I bet a Pick 3 across the 4-5-6 races; selecting Little Miss Lupe at 5-1 in the fourth, combining Hennessey Fire and Stalk in the fifth, and Expect a Kitten and Silver Slivers in the six. I bust out in the fifth, but decide to stay and play the seventh, betting a $2 win on Seeing’n’Believing. He was a 50-1 shot early, but after one of the track’s handicappers made him his pick of the day was bet down to 12-1 before the windows closed.
The horses trot in a procession to the starting gate for the seventh race. To the left of my table, two thin, older men elbow up to the dirt track fence, talking just within earshot.
“I was surprised he won,” says the taller of the two.

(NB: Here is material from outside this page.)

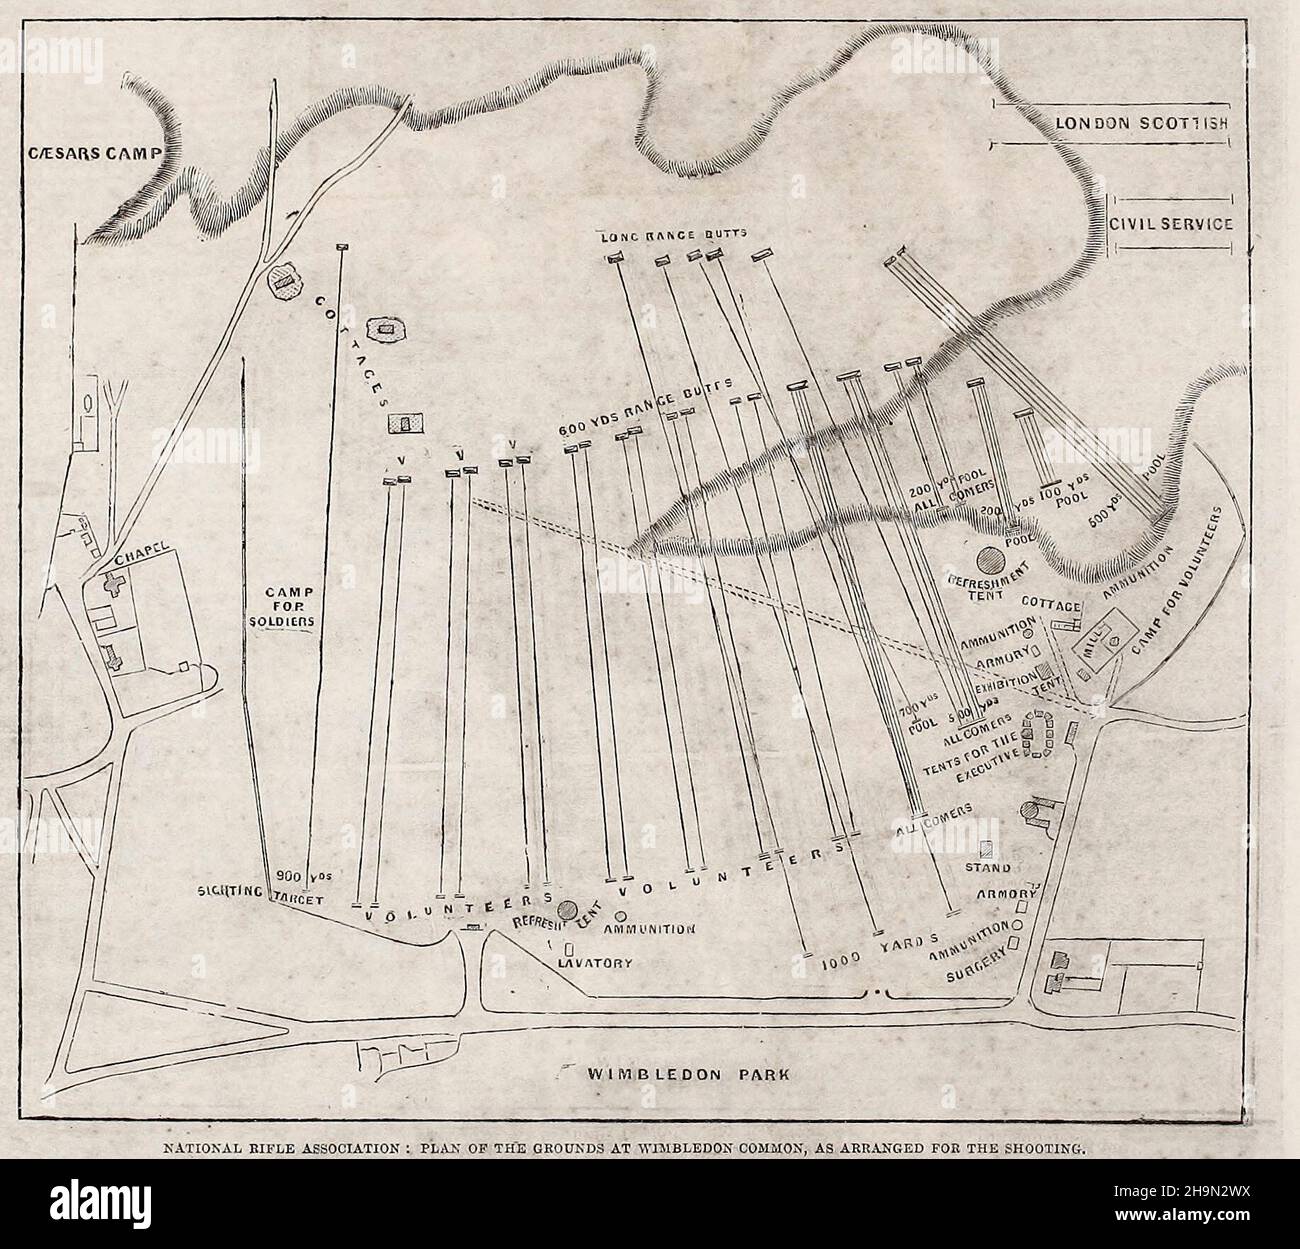 Asociación Nacional del Rifle - Plan de los terrenos en Wimbledon Common, según lo dispuesto para el rodaje, 1861 Foto de stock

“Me too. Did you vote for him?,” says his friend.
“Yup. You?”
“Yeah. I was reading this Catholic website that I check in on, and they said that he was for a ban on abortion. That was enough for me.”
“I’m glad he won,” the tall one says. “The women in my office, though, they’ve been sour to be around all week.”
The gate cranks open and the horses take off, sprinting out the gate and around the backstretch, before thundering down toward the finish line. Seeing’n’Believing falls behind, and loses by several lengths to the winner, Talkless Smilemore who pays out $8.20 on $2.
The men stare at their respective tickets. More losses.
The tall one turns to his friend and drops his receipt onto the grandstand concrete. “I have a friend, comes here, has a betting scheme and everything. Says he wins more often than not.”
“Hell,” says his friend. “I just play them by their names.”